Lou,Lou Gold wrote: ↑Mon Apr 25, 2022 7:06 pmPerhaps a favorite Thich Nhat Hanh poem Please Call Me by My True Names is relevant here. I feel a similarity between what you call "Heart Thinking" and what Thay calls "Heart of Compassion". Yes, I grok that the name "thinking" has a different trajectory in Eastern and Western cultural gestalts. The West being more committed to rational linear (Cartesian) reason at the time seems to obligate philosophers like Steiner to not throw the baby out with the bath and thus a bridge name like Spiritual Thought or Spiritual Science was necessary for dialogue. Alternately, I suspect the Eastern tradition felt less need for a semantic bridge and could thus speak directly of a compassionate heart or Tao that would flow naturally through one who was empty of conceptual thinking. As a non-philosopher I'm just offering a speculation and not setting the stage for a debate.AshvinP wrote: ↑Mon Apr 25, 2022 3:38 pm Can our conceptual definitions of Good and Evil stand in for their realities at the level of Being-Nothingness itself? Anyone with a mind can see there is great suffering, pain, violence, and torture in the world. But is this evil 'out there' or is it within us as well? Is our desire to conceptually define and substitute the definition for understanding complicit in the evil? And if the evil is within us as well, then are we to destroy ourselves or seek redemption of our evil nature through Heart Thinking? Through a reasoned trust that there is a genuine path to redemption, even if we cannot conceptually define it? Perhaps the realities of Good and Evil still exist 'behind' our conceptual perspective and, while they certainly shape it, that perspective itself is mostly oblivious to its deeper nature. We then awaken to the fact that evil cannot be redeemed by finding it 'over there' in someone or something else, by reducing and defining it with our mineralized concepts, but only by coming to experientially and deeply know our higher Self.
From a more folksy perspective, I very much agree with Pogo that, "We have met the enemy and he is us." I also believe that "We have met the friend and he is us" and the ongoing evolutionary challenge is to more truly grok both the friend and the enemy in all of us and to know, even if only temporarily, the difference as we seek to do our best. That process of deep ingoing and ongoing inquiry within a dynamic ever-changing living situation (embodied or not) would seem to me as a true spiritual science. Meanwhile, perhaps we might agree that moving too deeply into abstraction carries the risk of separation from the senses, which would inform us palpably of the differences between good and evil. I believe this is the point that BK is trying to make.
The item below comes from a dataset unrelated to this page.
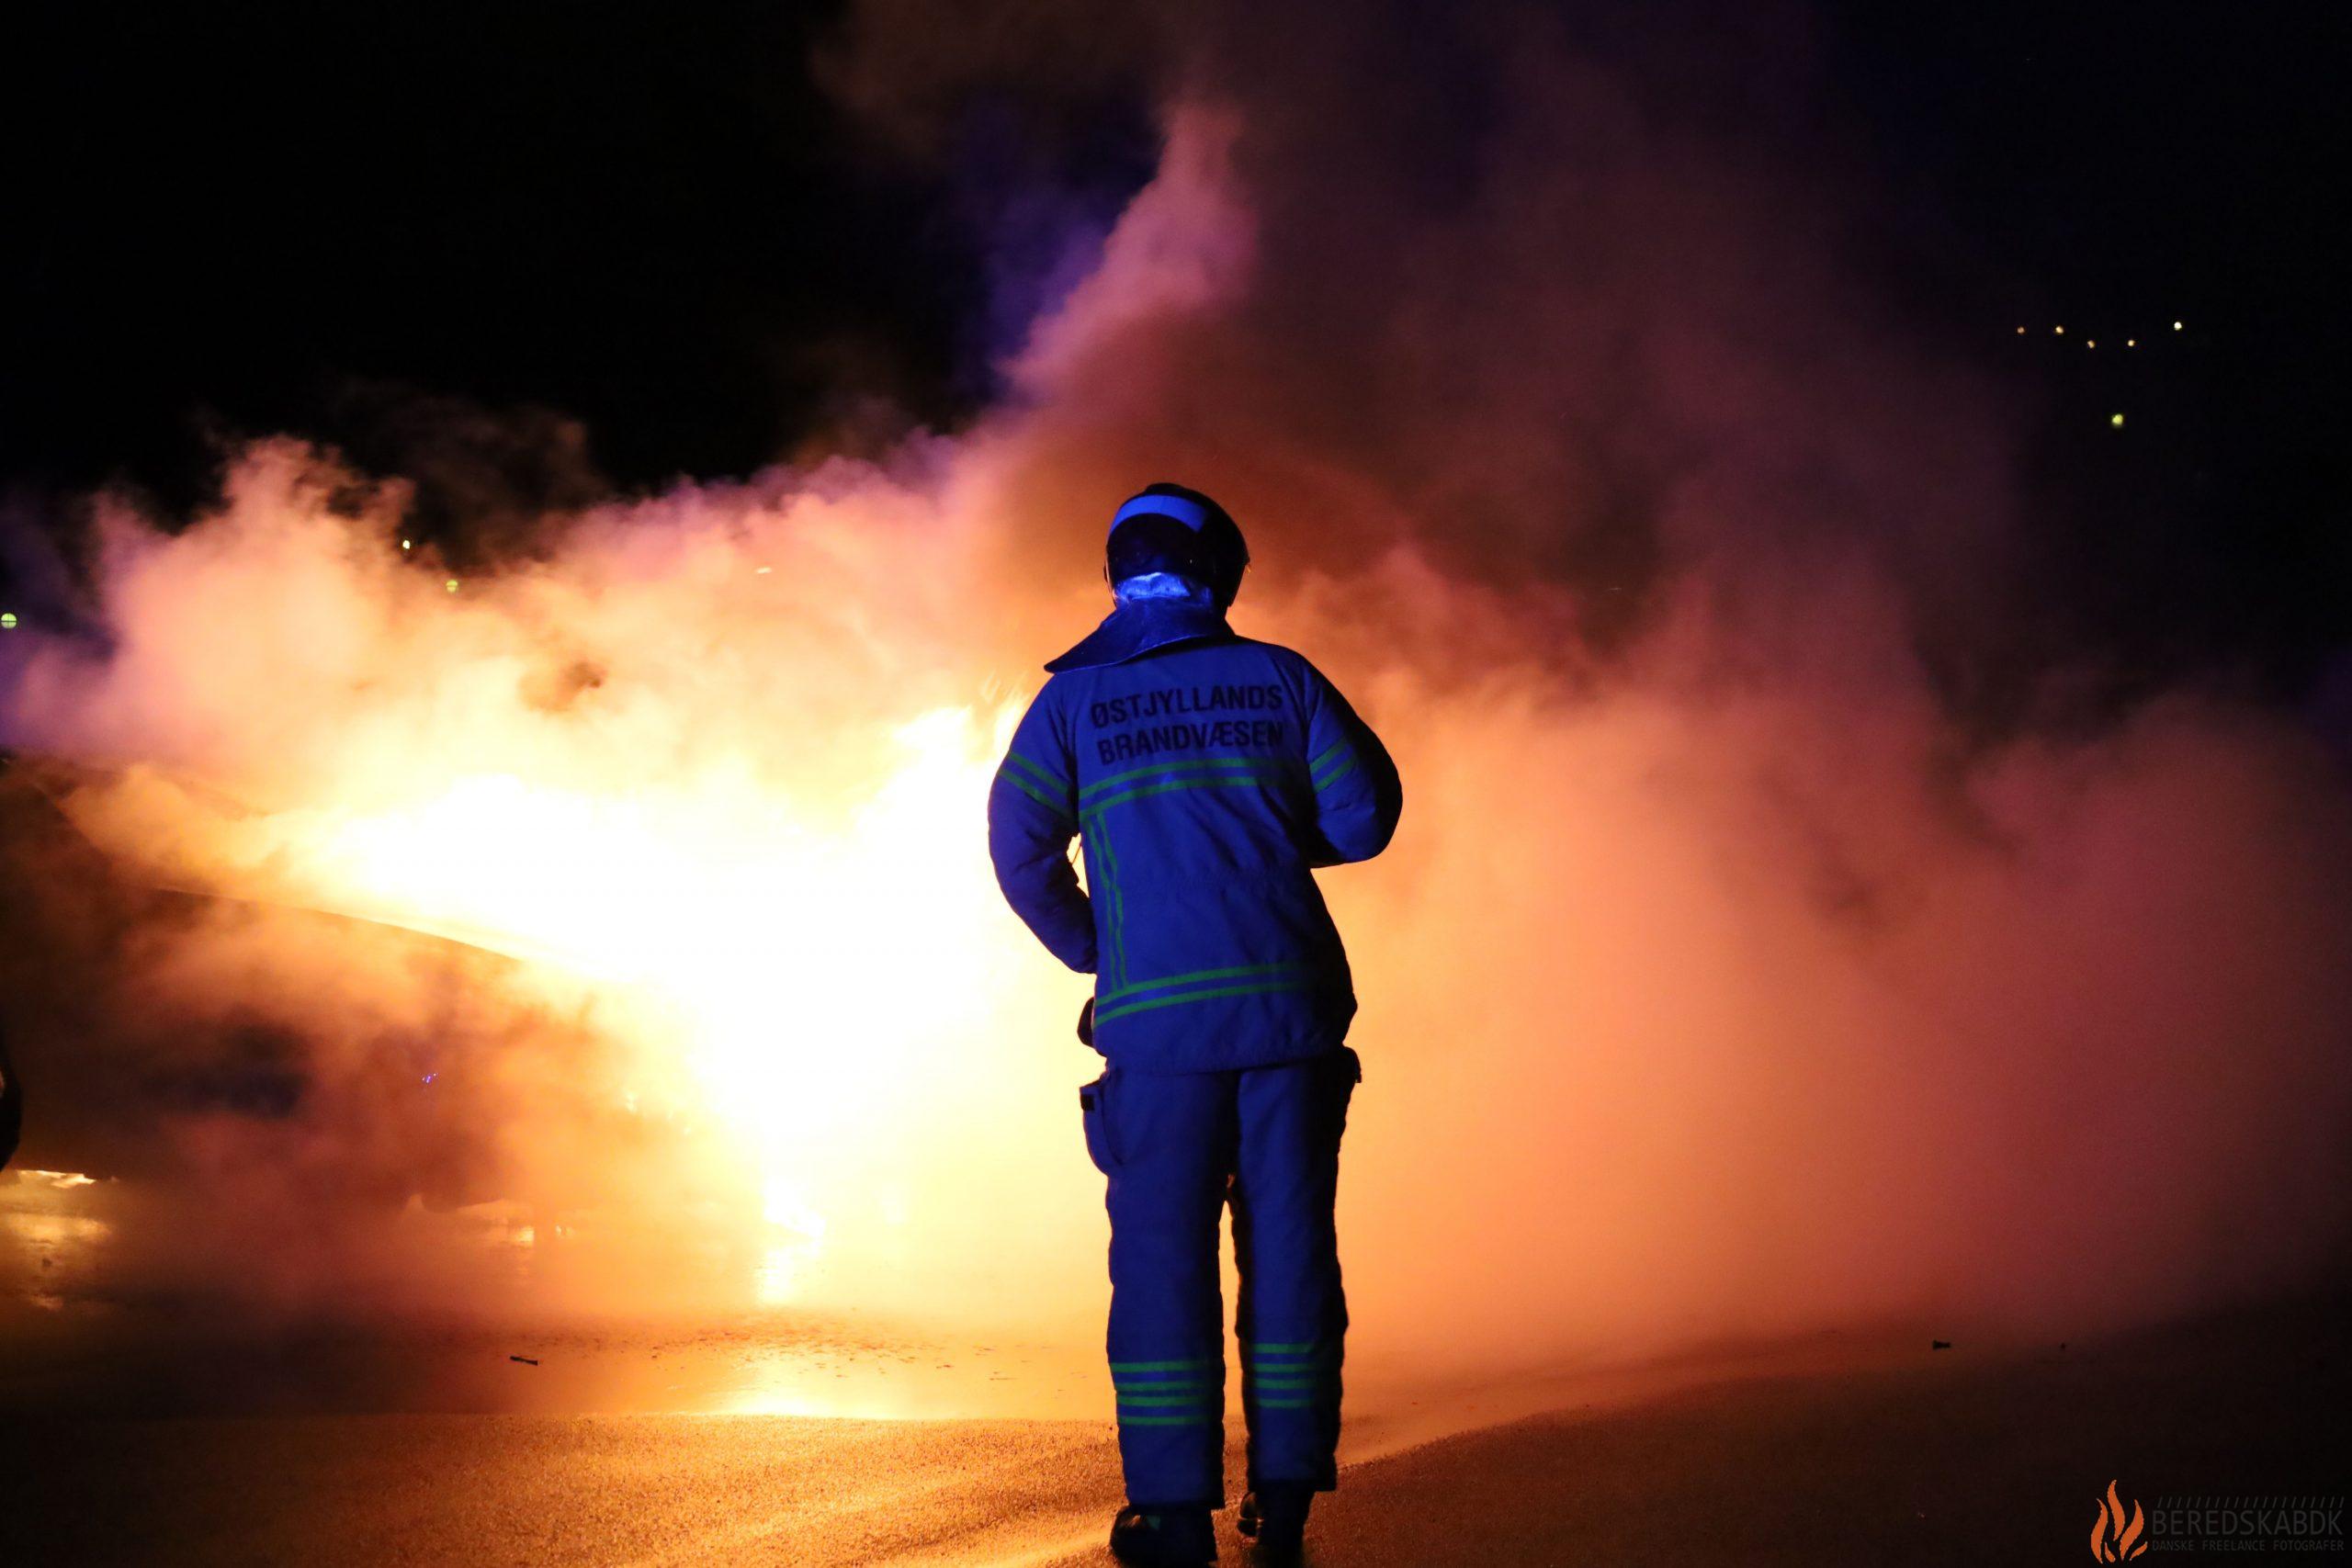 19/02-24  Brand i Bil på Rydevænget i Aarhus Vest

You know how Cleric and myself are always mention something related to how people stop logically reasoning when reaching their desired conclusions? When you write the bold, you are practically saying, "I reached this conclusion with my logic and reasoning, but I don't want to hear any more reasoning from you which may cut against it, because I'm a 'non-philosopher'". I suppose my question is, what is the point of conversing if further logical dialogue has been made impossible on this issue? No matter what I say, it will be objected, "you are making a logical argument now, and I already told you I am a non-philosopher!".
It seems my only response can be - that is not what I mean by heart thinking and I don't think your West-East conceptualization on this topic is accurate. In short, I disagree.